Communicative Society, Discussion Culture
William the Silent was the founder the university of Leiden, the Batavian Athens. He gave two missions to the university. First, it was to provide a Protestant vision to the country which was liberating itself from Spain and Catholicism. Second, it was to serve the purpose of nation-building by educating the citizens in all fields of modern knowledge.
Freedom of expression in the Netherlands was remarkable in two areas: freedom of thought and freedom of printing and publishing, which are cornerstones of open societies. A climate of religious tolerance attracted many refugees, namely Jews from Portugal and later Huguenots from France. Tolerance may not be the right word for this period. The Dutch Republic tried to create bridges of communication among various and sometimes antagonistic or rival sectors of the society. It would therefore be more appropriate to see Netherlands as a melting pot, a society of “pluriformity” where different voices were free to express themselves. Willem Frijhoff says that “Dutch society, ever since its formation, has basically been a communicative society.” As can be seen in many paintings, it typically became a society of open windows, where the neighbors could see what you were doing and where daily existence tended to be somehow theatrical, because each household has a message to convey, a family culture to exhibit. Modern architecture in Netherlands is studied worldwide as facilitating socialization and meeting others easily. And Frijhoff adds,
Its way of arriving at decisions within a divided community is presently known as the polder model of consensual communication. This corresponds largely to what my colleague Marijke Spies and I have called, in relation to the seventeenth century, a discussion culture… It is perhaps one of the most intimate secrets of the Dutch nation as a historically structured community.

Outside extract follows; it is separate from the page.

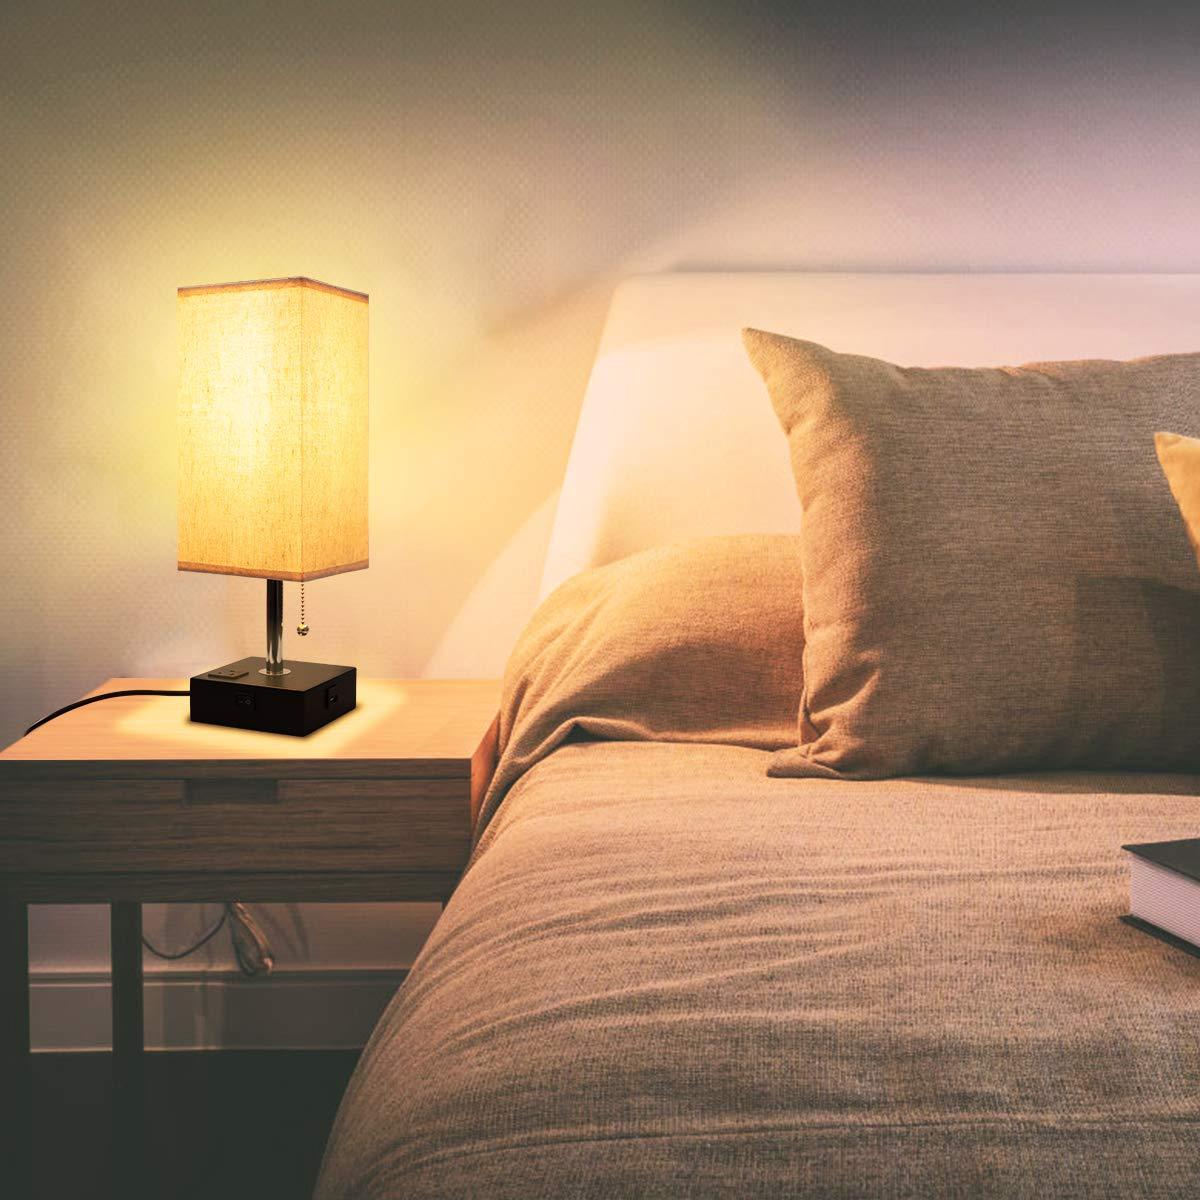 Pack of 4 Vanity Light Bulbs Non-Dimmable Medium E26 Base Make Up LED Light Bulbs for Bedroom Washroom Mirror 2700K Warm White Seealle G25 50W LED Globe G25 E26 Bulb Equivalent

This drive for communication is the background for the explosion of printing and publishing books throughout the seventeenth century.
The Elzevir family were booksellers, publishers and printers in the seventeenth and early eighteenth centuries, originally from Leuven (Belgium), who had moved to Amsterdam. They were famous for the high quality of their typography and the quantity of the works published in many European languages which could not be published elsewhere. Elzevir was publishing the works of the greatest writers of all Europe.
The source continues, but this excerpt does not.